Training and deploying an ML model to predict whether or not an individual is likely to purchase car insurance.
The data used will be from the following dataset: https://www.kaggle.com/kondla/carinsurance Note: The file 'carInsurance_train.csv' will be split into train and test sets for modelling and prediction, as the provided 'carInsurance_test.csv' does not have any ground truth labels to validate against.
In the first section of this notebook we will perform EDA, pre-processing and some feature engineering in order to prepare the data for modelling. In the modelling segment, we will use Grid Search Cross Validation to find the optimal parameters to train an XGBoost model, to predict whether a person will purchase car insurance or not.
In the final segment of the notebook, we can make a call to the Flask API serving the persisted trained model via Google Cloud Run, in order to make a prediction on a sample from the test set.
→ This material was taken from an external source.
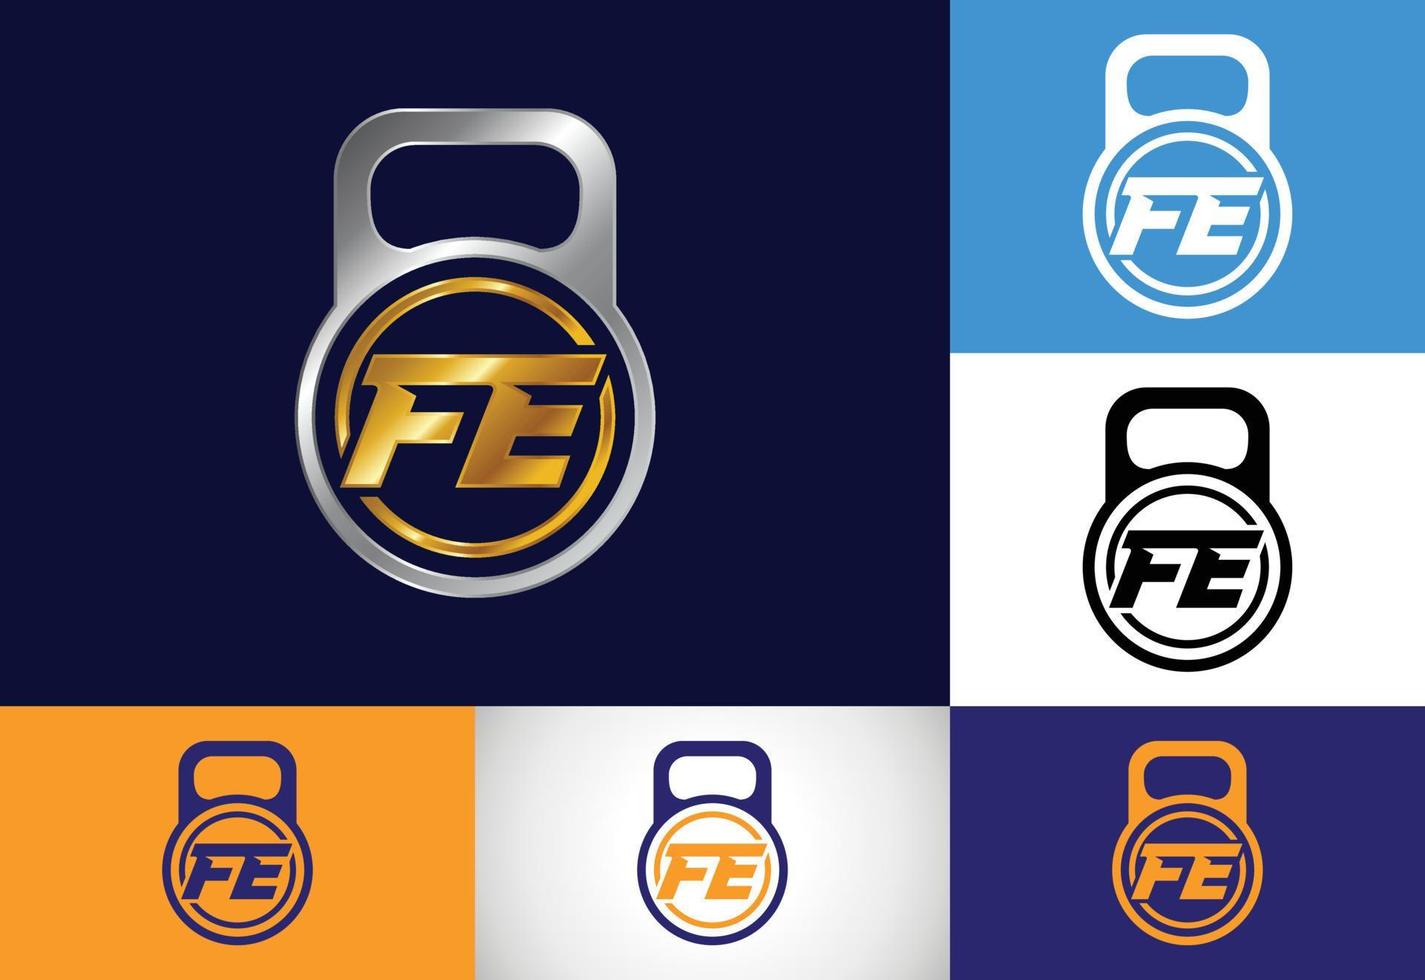 vector de diseño de logotipo de letra inicial fe. símbolo del alfabeto gráfico para la identidad empresarial corporativa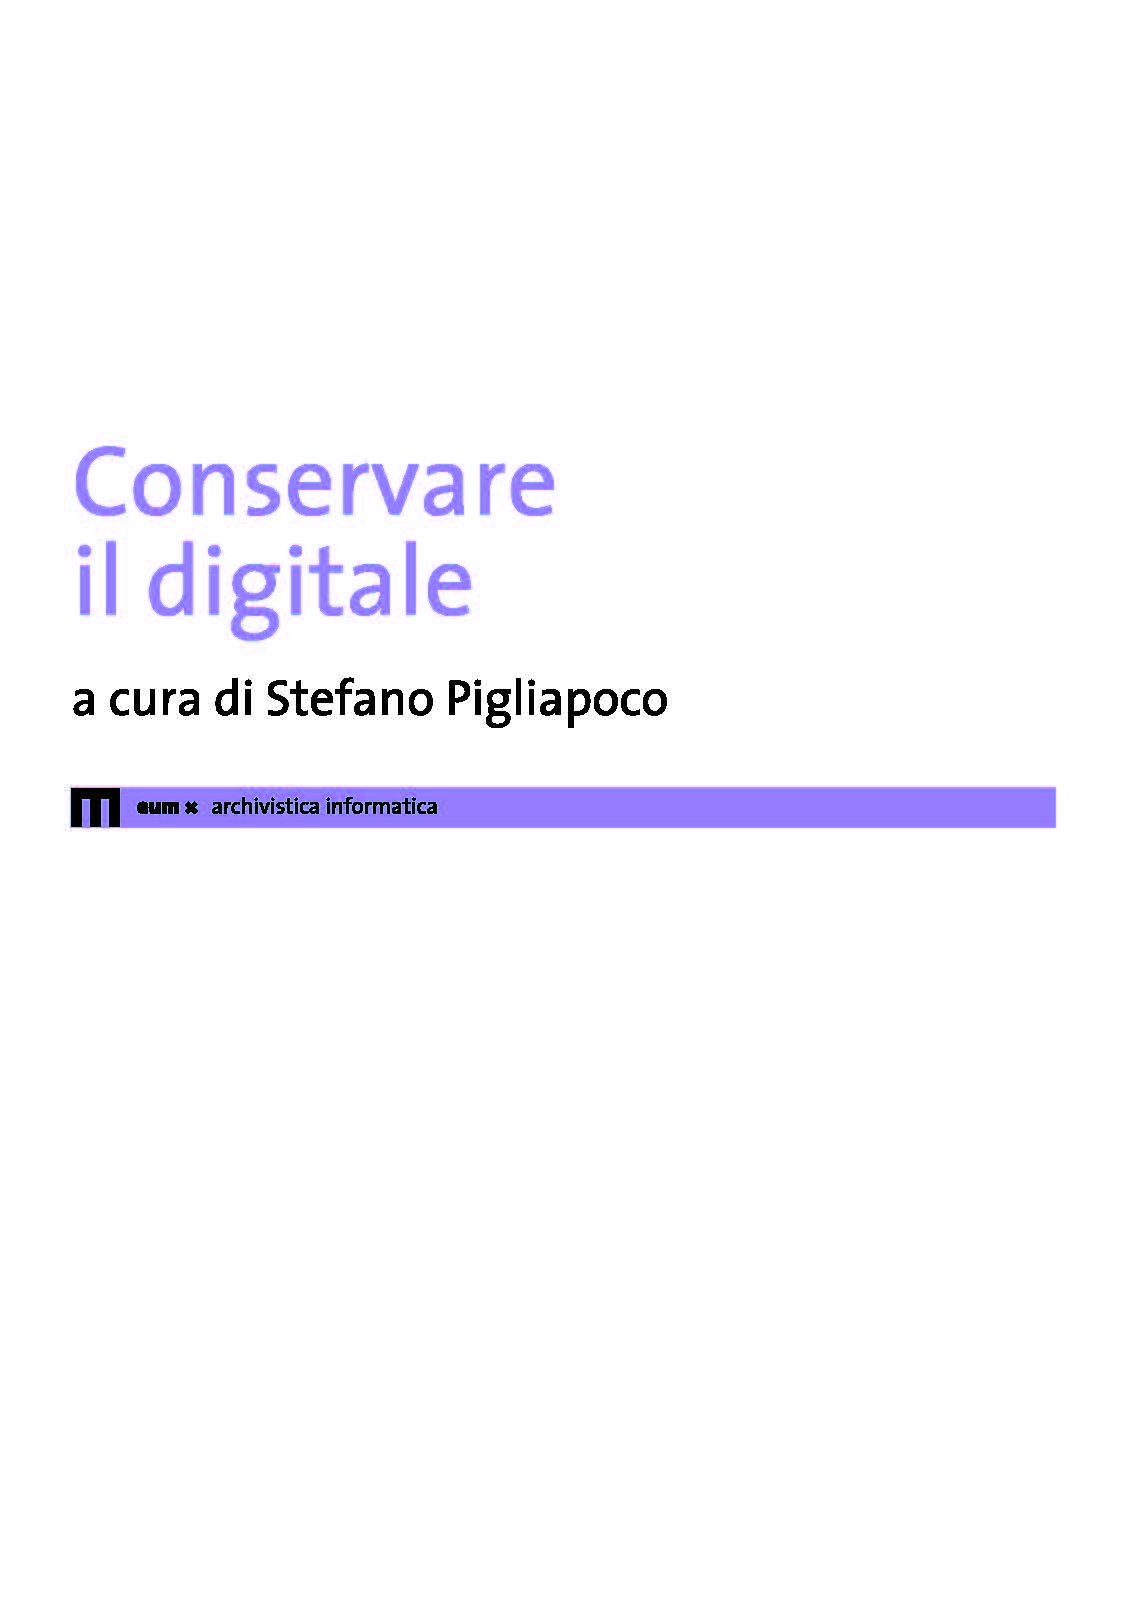 Conservare il digitale

To summarise the steps here, a Docker container is created and deployed via Cloud Run, with the code to continuously run and serve the Flask-RESTful API. Following the 'Deployment' segment of Car_Insurance_Prediction.ipynb will allow a user to test out the API. The Cloud Run environment has the same files that are present in the Car_Insurance_Prediction/Deployment directory here on GitHub.
If you have Docker installed on your machine, feel free to skip the above notebook and quickly build and test the application using the Dockerfile provided.
This only involves:
-
Cloning the repo
-
Navigating to the repo
-
Building a docker image from the Dockerfile:
docker build -t prediction . -
Running the container:
docker run prediction